Output the full listing below exactly, without the pictures.

------ Data section

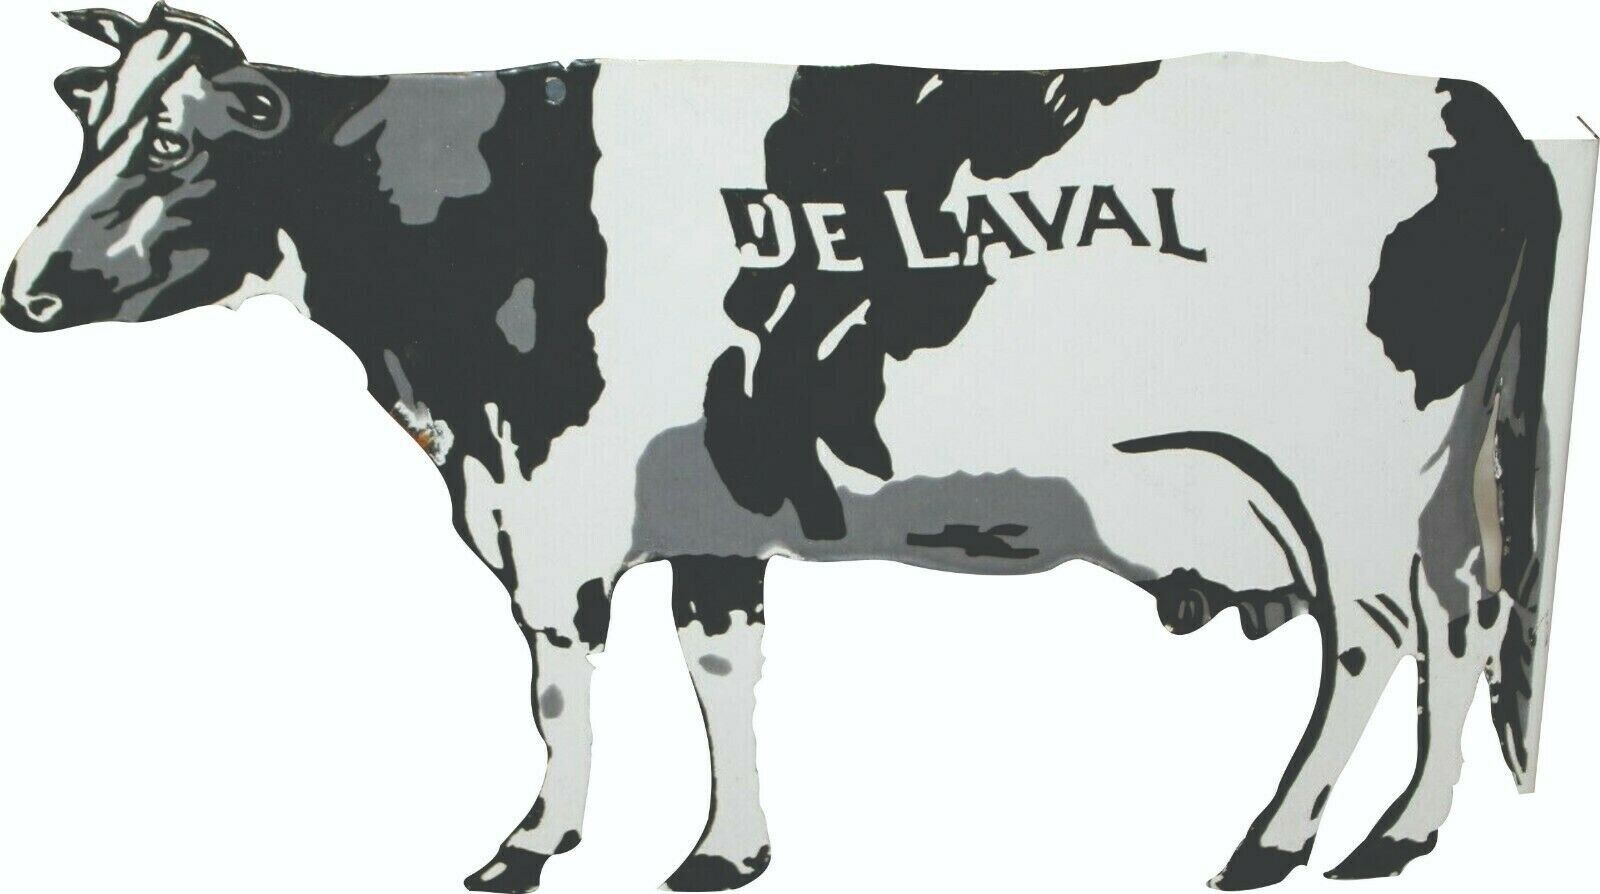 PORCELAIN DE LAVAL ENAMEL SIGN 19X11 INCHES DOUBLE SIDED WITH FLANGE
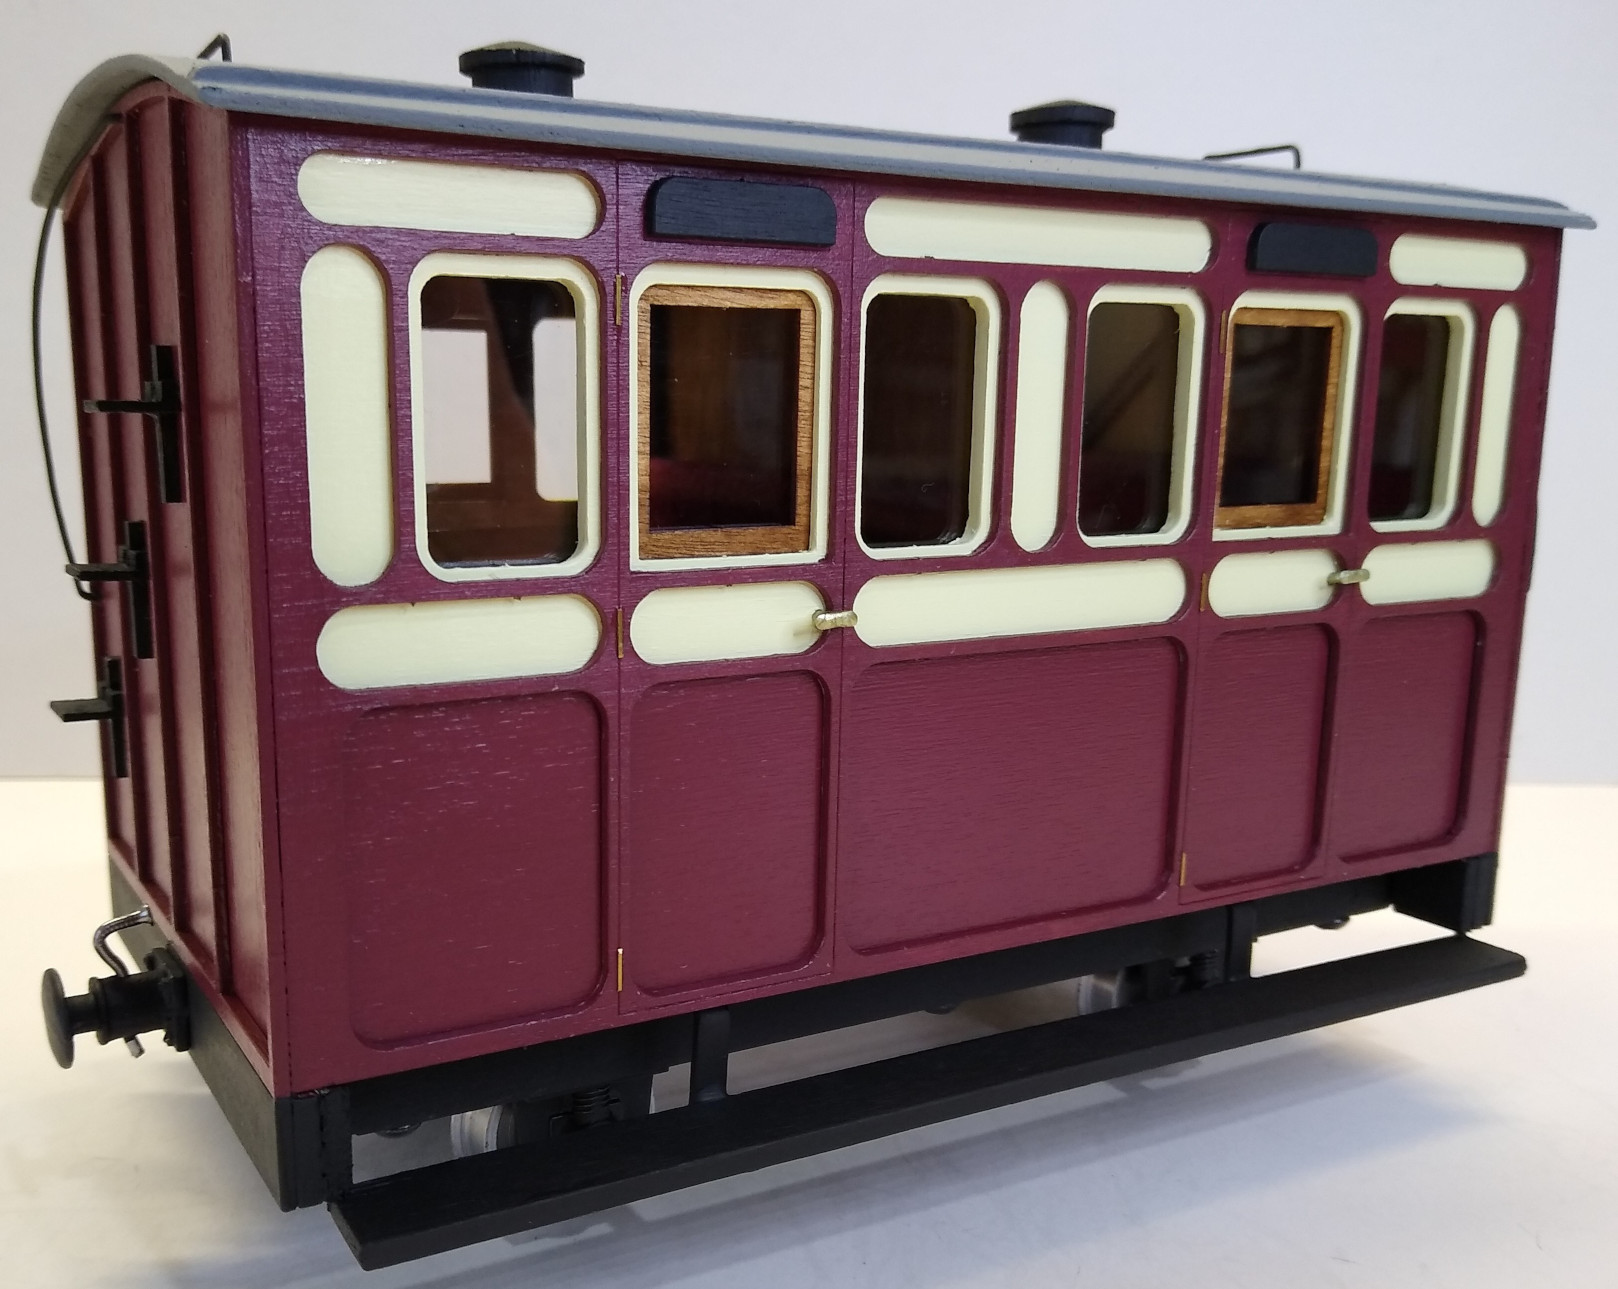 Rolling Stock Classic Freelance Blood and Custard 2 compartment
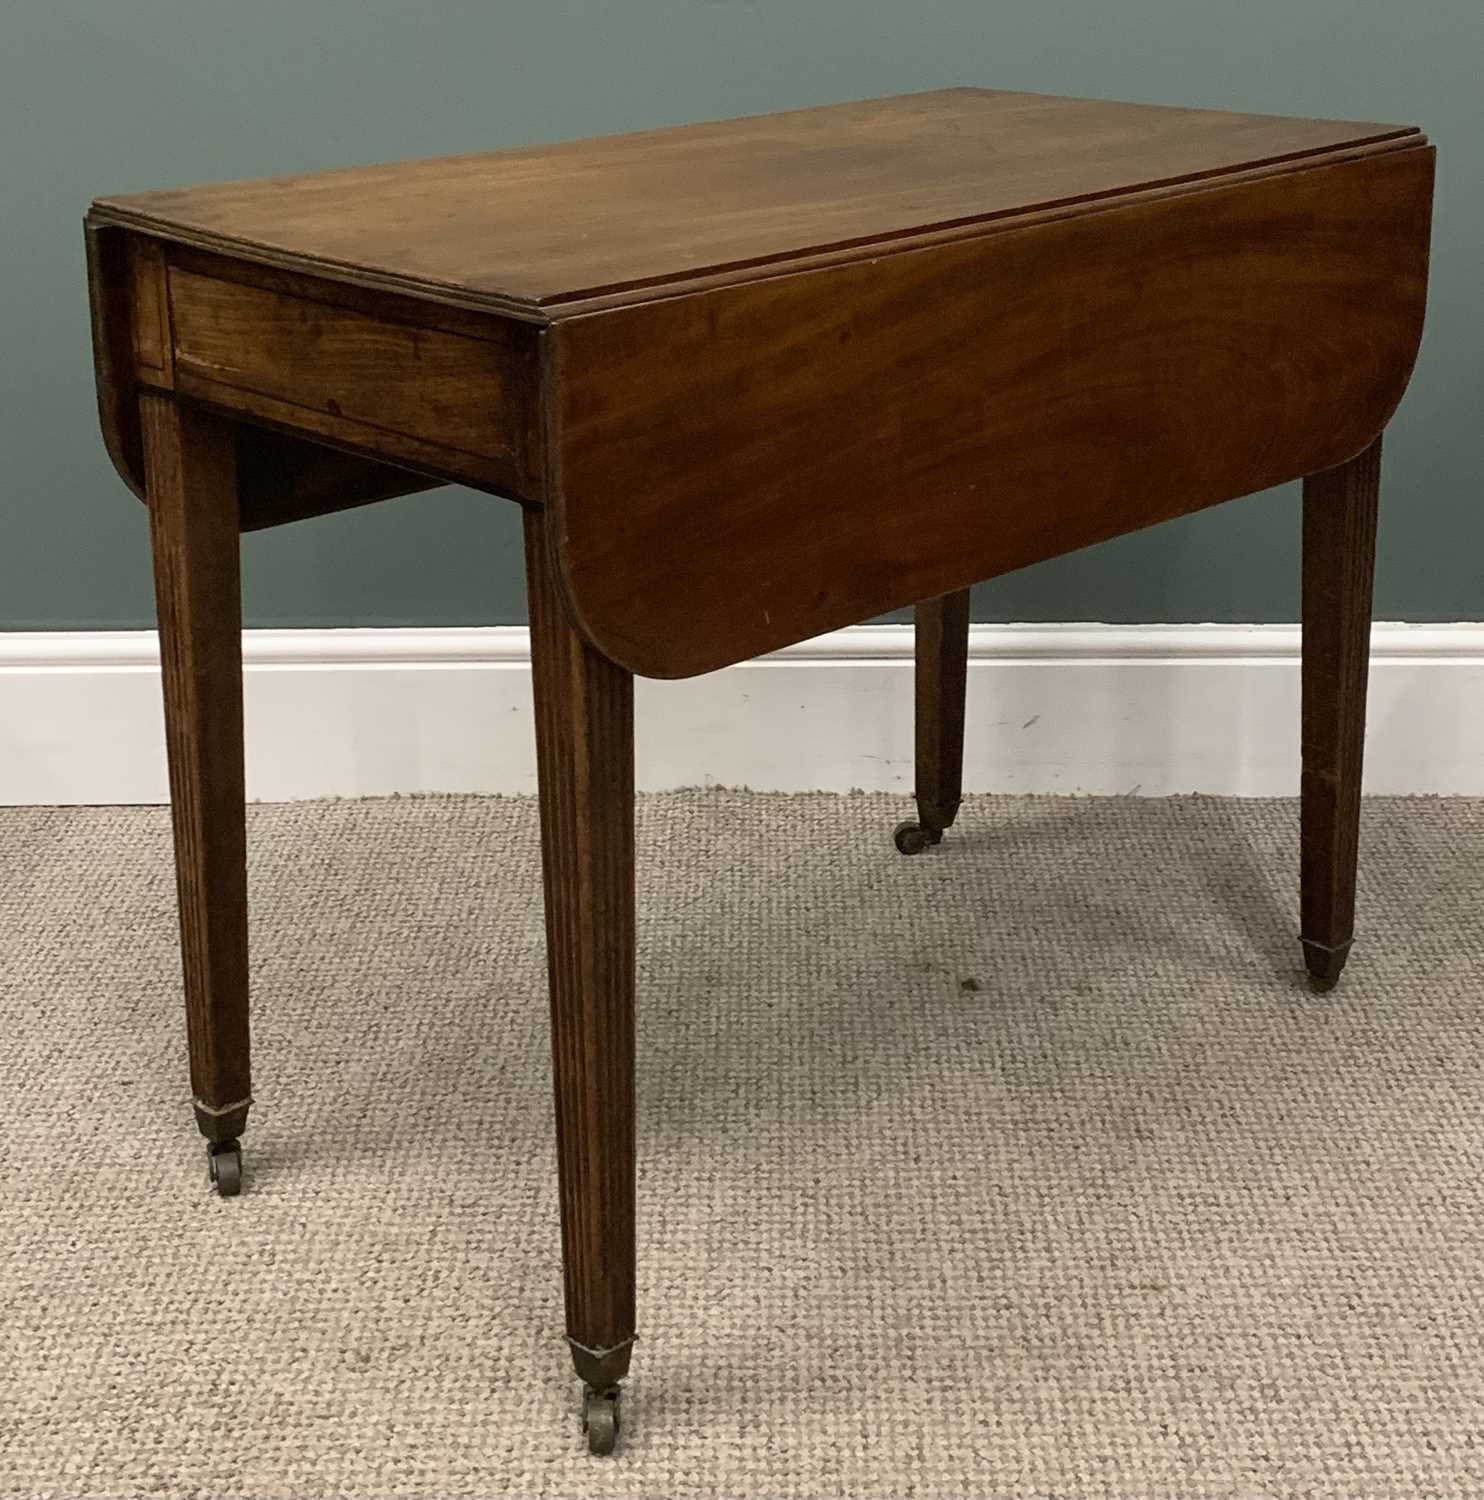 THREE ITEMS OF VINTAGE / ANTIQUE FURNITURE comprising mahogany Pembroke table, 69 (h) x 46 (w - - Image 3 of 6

------------

* [Answer to this task]:
 PORCELAIN DE LAVAL ENAMEL SIGN 19X11 INCHES DOUBLE SIDED WITH FLANGE
 Rolling Stock Classic Freelance Blood and Custard 2 compartment
 THREE ITEMS OF VINTAGE / ANTIQUE FURNITURE comprising mahogany Pembroke table, 69 (h) x 46 (w - - Image 3 of 6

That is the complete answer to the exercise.